When the chance to change came, the girl next door reluctantly agreed to try. A year later, she never wants to go back her old life of crack cocaine and hooking.

LANE DeGREGORY
Published October 3, 2004

CLEARWATER - She's sitting in the front row of the courtroom, between the church ladies, twisting the gold cross around her neck.

The last 17 times she was in court, Melissa Collora had to stand beside the bailiff in her jailhouse scrubs.

Today, she's in the audience, dressed in a flowing, ankle-length skirt. Her mauve blouse has long sleeves, to hide her eight ball tattoo.

"Your Honor, before we begin, I'd like a moment to confer with Melissa," the public defender says. The lawyer turns and scans the courtroom, searching. "Melissa doesn't appear to be here yet."

"Yes I am," Melissa says, waving. "I'm right here."

The public defender squints through her glasses. She stares at the pale young woman with the shiny black hair. In the last year, the dark circles under Melissa's hollow eyes have faded. Her sunken cheeks have filled in. She has gained 70 pounds.

"Melissa?" her lawyer asks. "Could that be you?"

* * *

A year ago, at 23, Melissa Collora was the second-most-arrested prostitute in St. Petersburg. She worked Fourth Street, by the Applebee's, for more than five years. She even carved her name in wet concrete to mark her corner. She needed quick cash to buy crack, she told the cops. They busted her in mangrove bushes, behind Dumpsters, at the In-Town motel. She once sold herself for $8 and a Baby Ruth bar.

"The guys in vice have this joke," St. Petersburg police Sgt. Tim Montanari said last year. "We see Melissa naked more often than we see our wives."

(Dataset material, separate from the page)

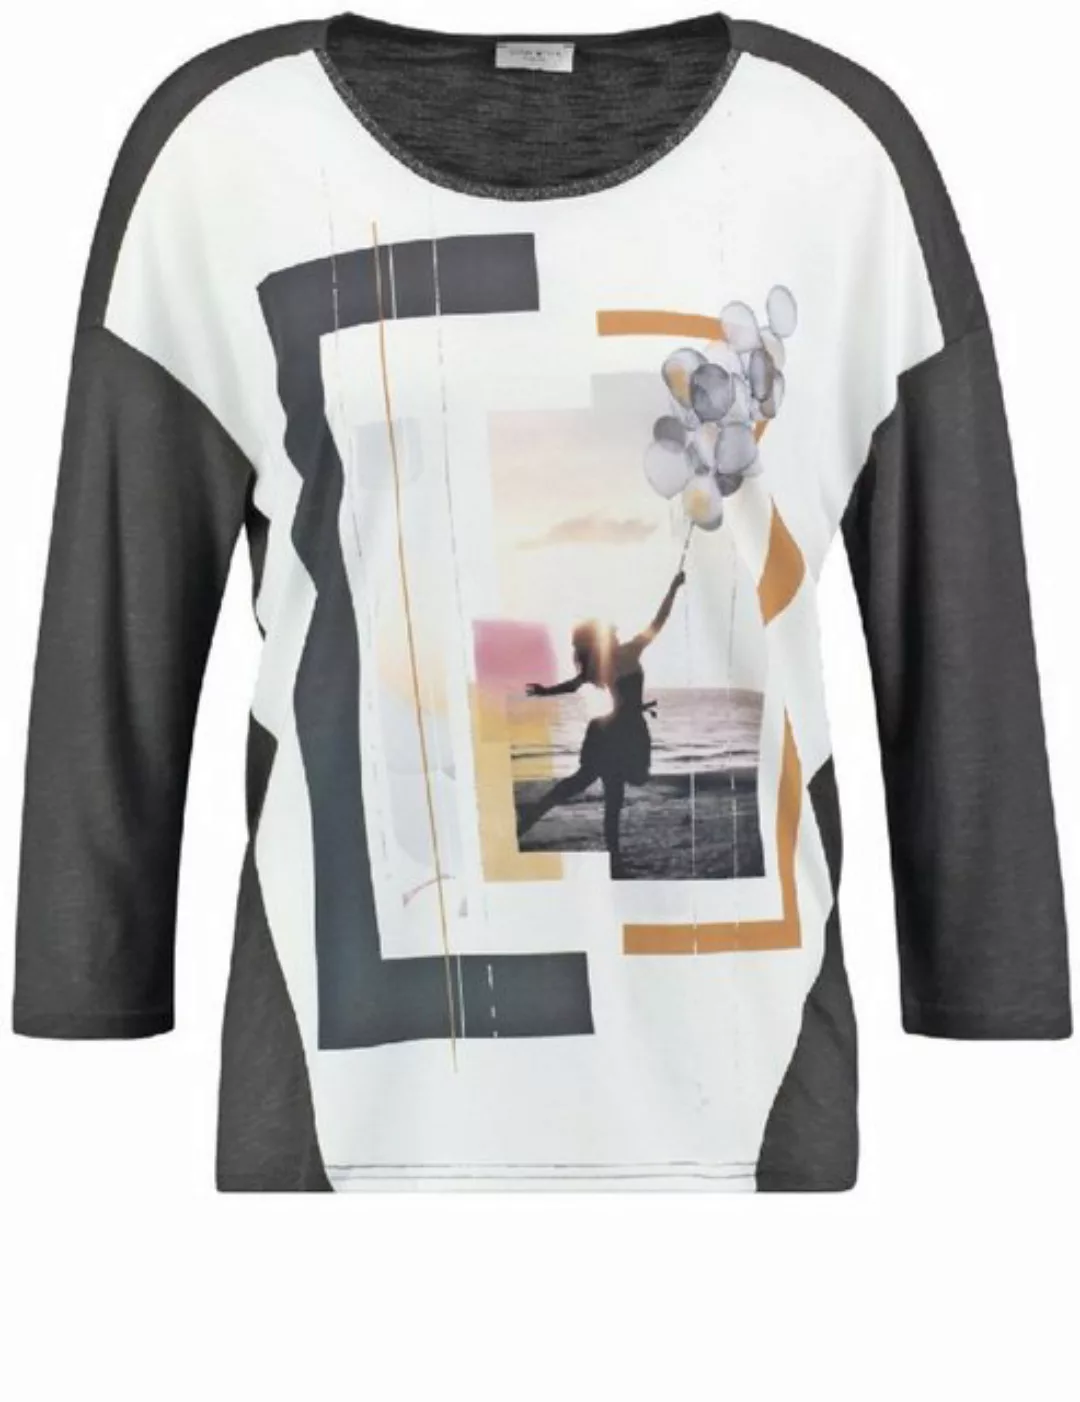 GERRY WEBER Shirtbluse T-SHIRT 3/4 ARM günstig online kaufen

To Montanari, a police officer for 16 years, Melissa was not just another hooker. He had known her all her life, had watched her grow up. He remembers her as a laughing little girl roller-skating in the driveway, swinging in the back yard, ponytails flying.

She was the girl next door.

He used to babysit her. He knew her parents and her brothers and her stepdad. He knew what happened to her when she was 13.

So last summer, when Montanari caught Melissa half-naked, on her back, emaciated and so high her eyes were rolling, he knew he had to help her.

He called two women he had met who run a ministry for prostitutes. Tracy Leigh and Linda Chaney call themselves Women of the Well. Montanari calls them the church ladies. They told him about the Walter Hoving Home, a 60-bed, Christian rehab center in upstate New York where former prostitutes go to repent, pray and learn to balance a checkbook.

If Montanari could get the judge to let Melissa go there, the church ladies promised to pay for it.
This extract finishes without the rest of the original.